Taking one of the trained models of Table 3 corresponding to a split with 100% MR (14 subjects of 2,837 images) and 100% CT images (14 subjects of 1,837 images)4, we learn posthoc a logistic regression classifier (using the same training data) to predict the image modality (MR or CT) from the modality factor z. The learned regressor is able to correctly classify the input images as CT or MR, on a held out test set (3 subjects of 420 images for MR and 3 subjects of 387 images for CT) 92% of the time. To find whether there is a single z dimension that captures best this binary semantic component (MR or CT) we repeat 8 independent experiments training 8 single input logistic regressors, one for each dimension of z. We find that z5 obtains an accuracy of 82%, whereas the remaining dimensions vary from 42% to 66% accuracy. Thus, a single dimension (in this case z5) captures most of the intensity differences between MR and CT which are global and affect all areas of the image.
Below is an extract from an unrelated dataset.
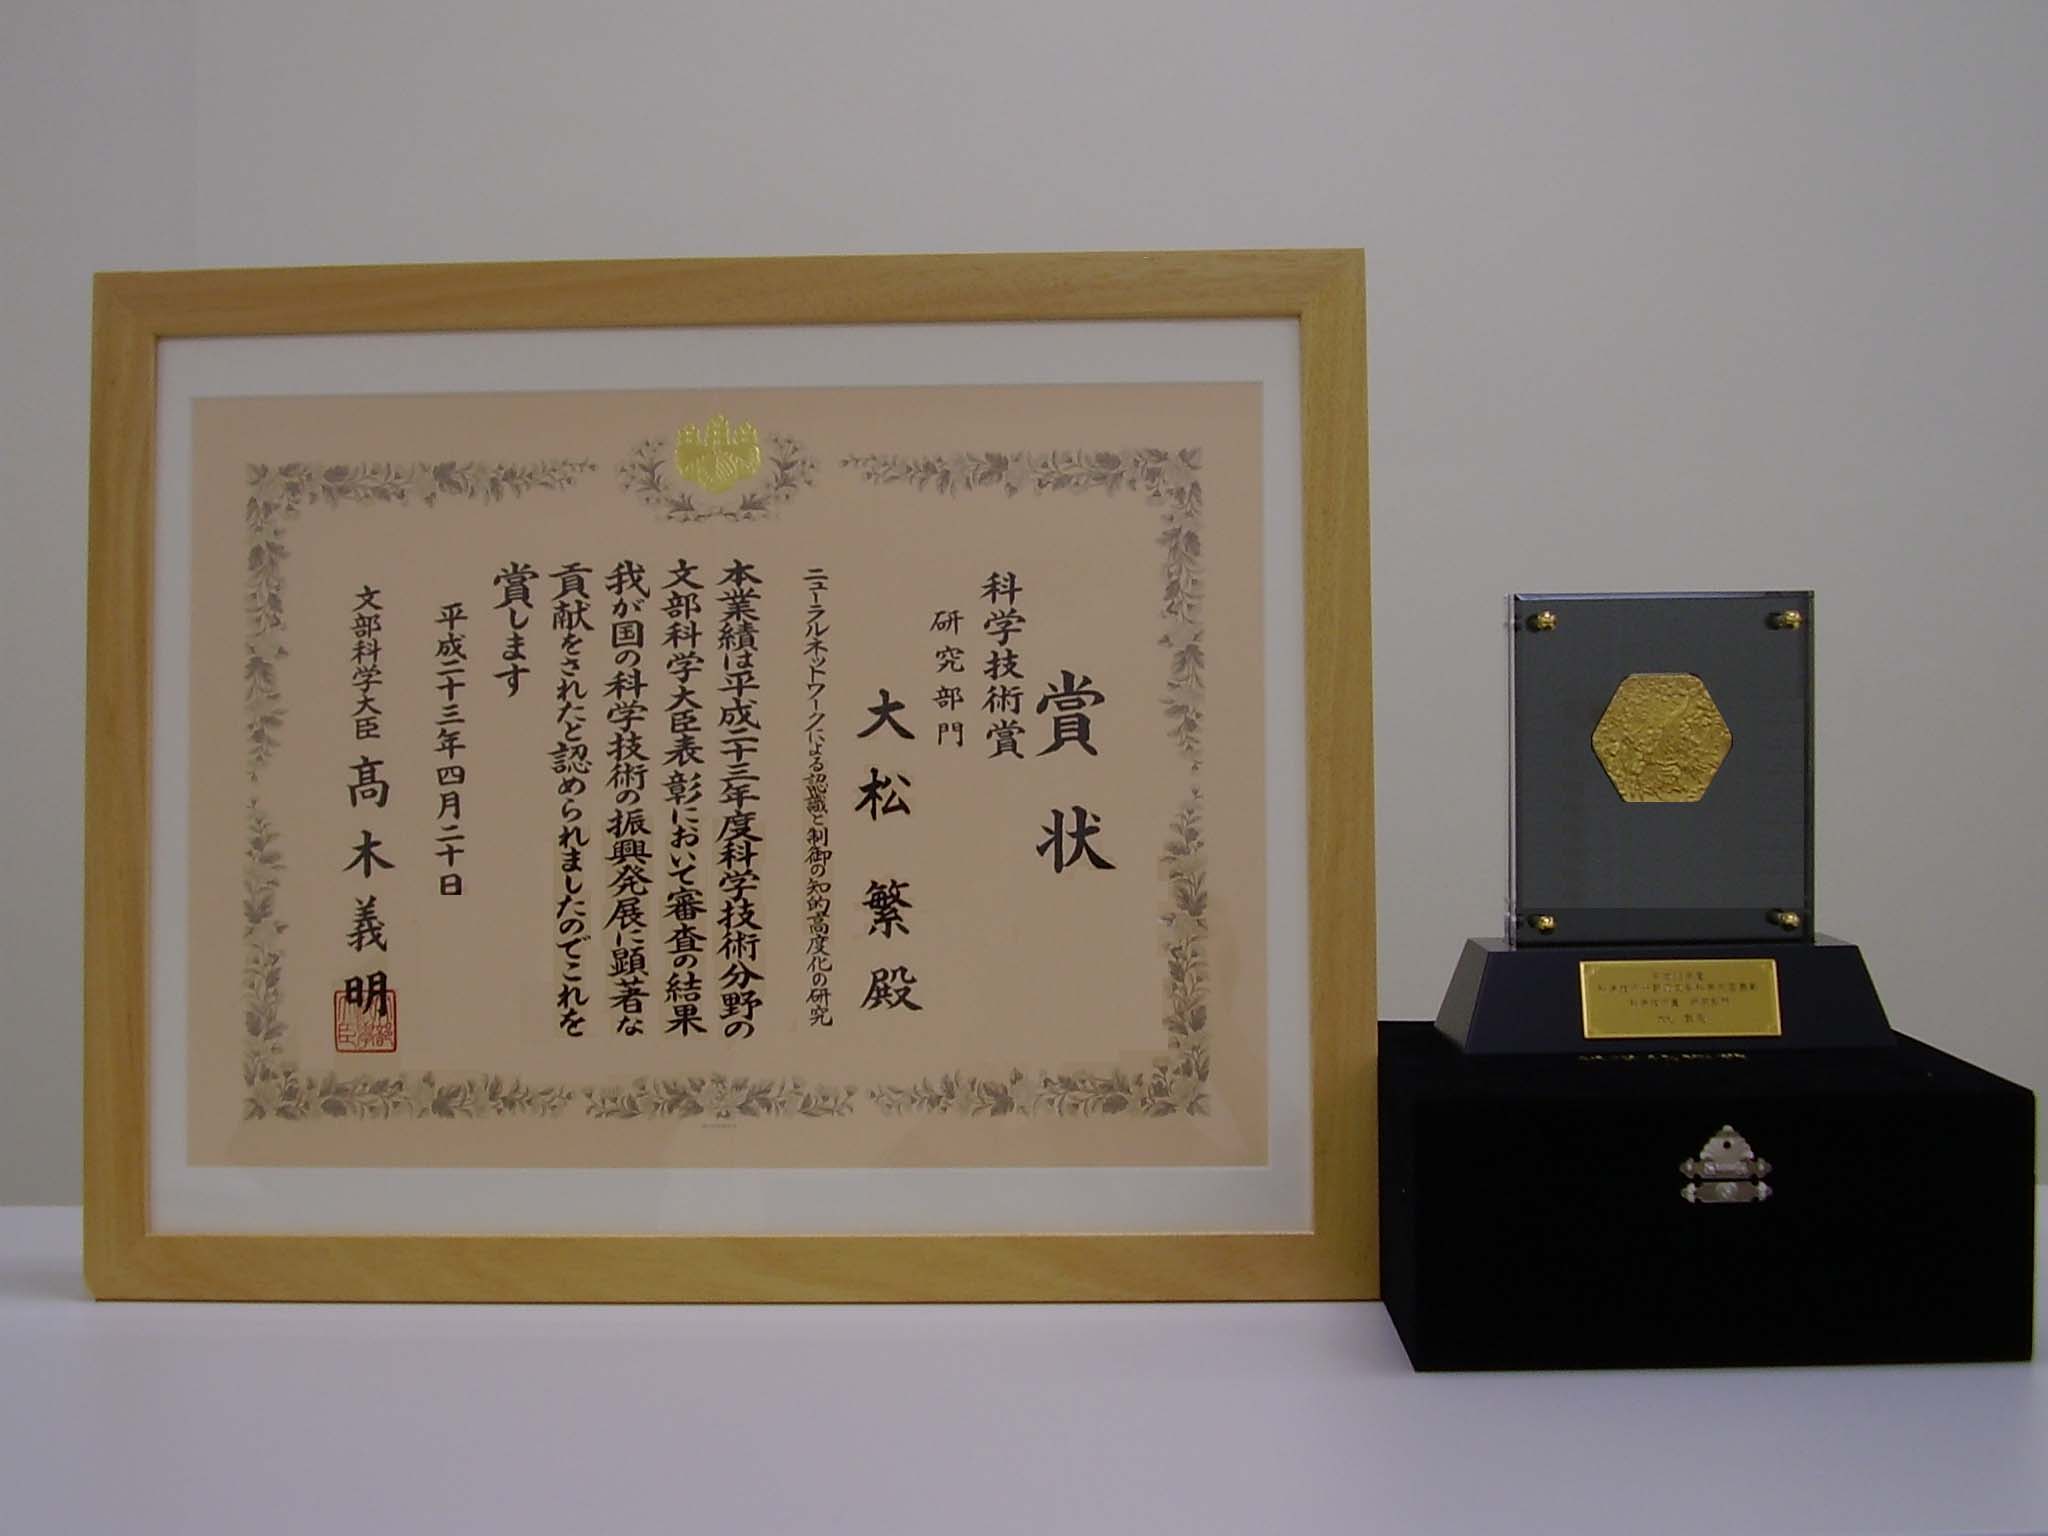 平成23年度文部科学大臣表彰 科学技術賞（研究部門）を受賞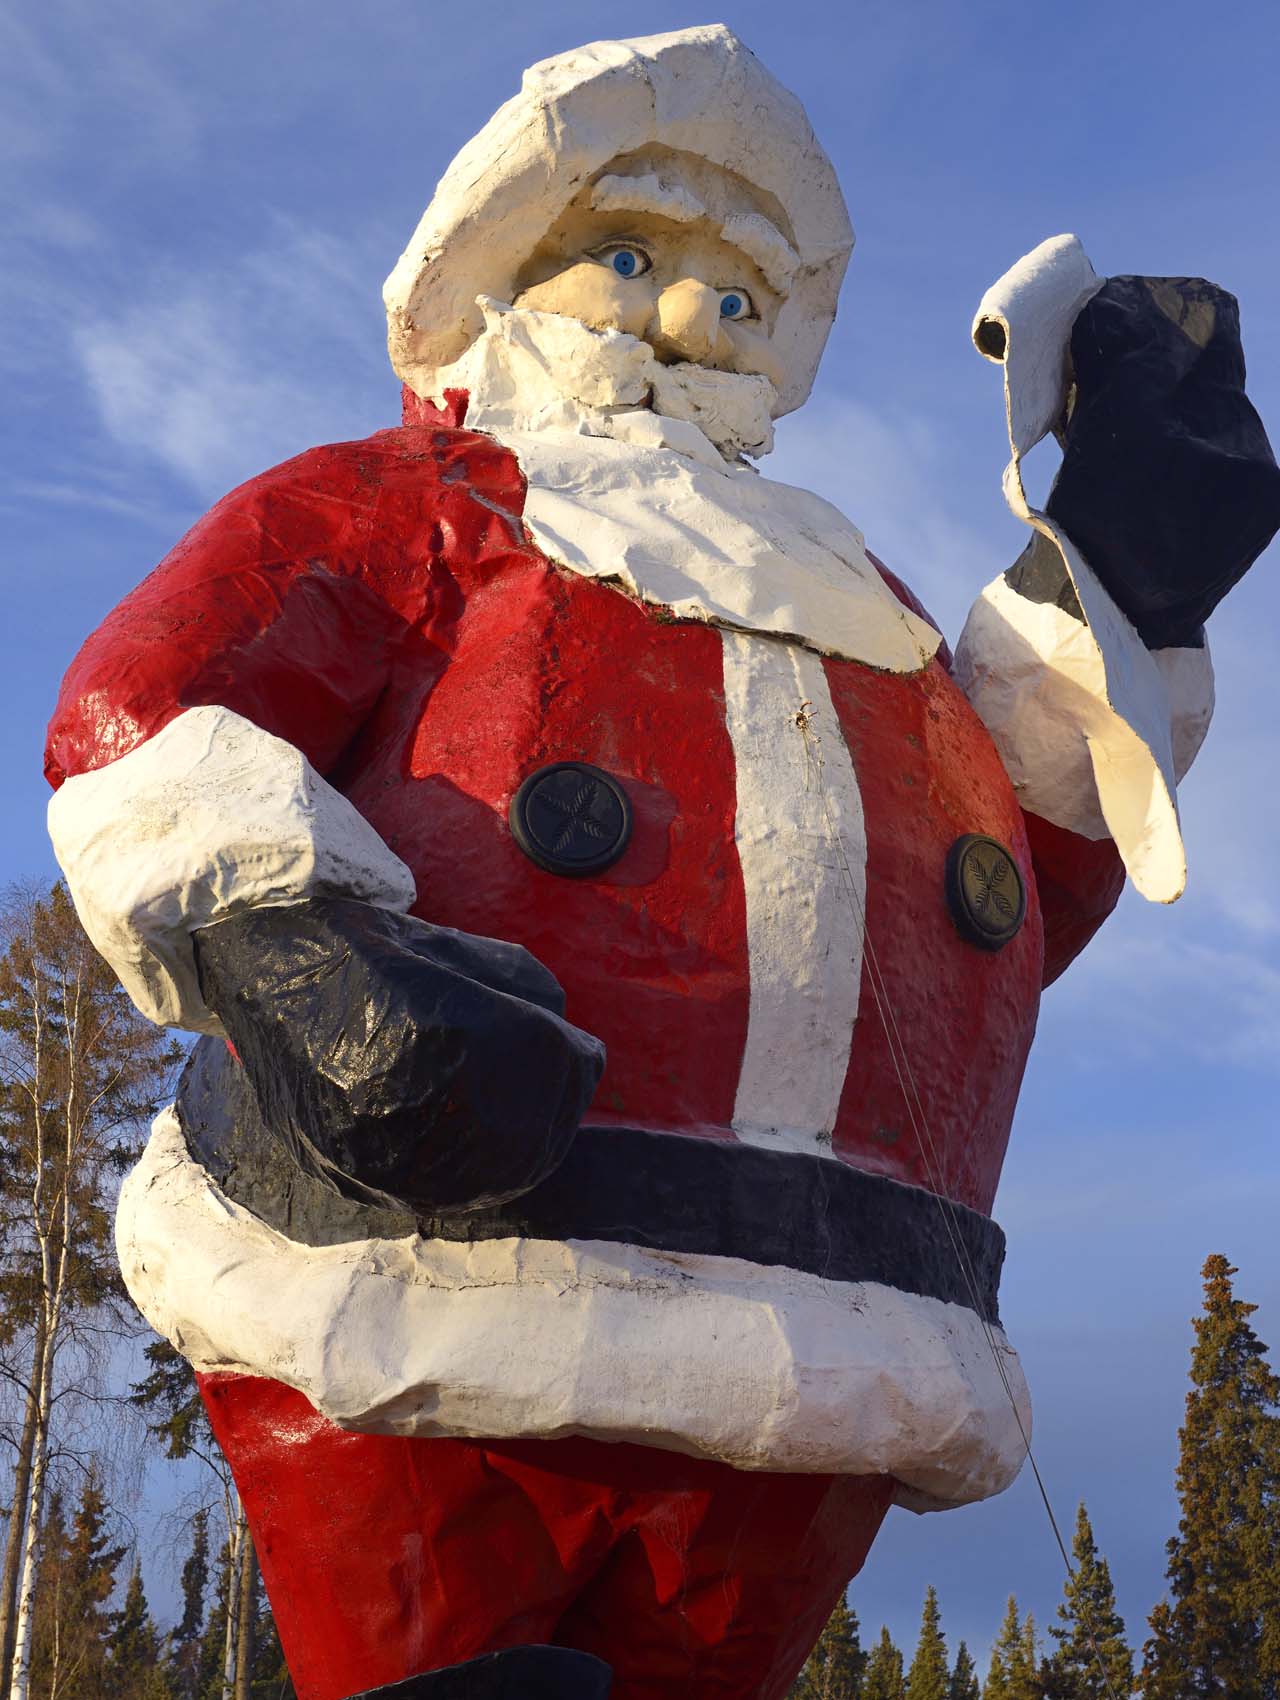 Giant Santa Claus statue at Santaland in North Pole, Alaska

In a second complementary experiment we perform the same logistic regression classification to discriminate between cine-MR and CP-BOLD MR images (which are also cine, but contain additionally oxygen-level dependent contrast). Here, SDNet and the logistic regression model are trained using 95 cine-MR and 214 CP-BOLD images from 7 subjects, and evaluated on a test set of 27 and 31 images from 1 subject respectively. Unlike MR and CT which are easy to differentiate due to differences in signal intensities across the whole anatomy, BOLD and cine exhibit subtle spatially and temporally localised differences that are modulated by the amount of oxygenated blood present (the BOLD effect) and the cardiac cycle and these are most acute in the heart.5 Even here the classifier can detect BOLD presence with 96% accuracy, when all dimensions of z are used. When each z dimension is used separately, accuracy ranges between 47% and 65%, and thus no single z dimension globally captures the presence (or lack) of BOLD contrast.
These findings are revealing and have considerable implications. First they show that our modality factor z does capture modality specific information which is obtained completely unsupervised, and depending on context and complexity of the imaging modality, a single z dimension may capture it almost completely (in the case of MR/CT). This also implicitly suggests that spatial information may be captured only in s. 6
More importantly, it opens the question of how the spatial and modality factors interact to reproduce the output. We address these questions below using latent space arithmetic.
5.5. Latent space arithmetic
Herein we demonstrate the properties of the disentanglement by separately examining the effects of anatomical and modality factors on the synthetic images and how modifications of each alter the output. For these experiments we consider the model from Table 1, trained on ACDC using 100% of the labelled training images.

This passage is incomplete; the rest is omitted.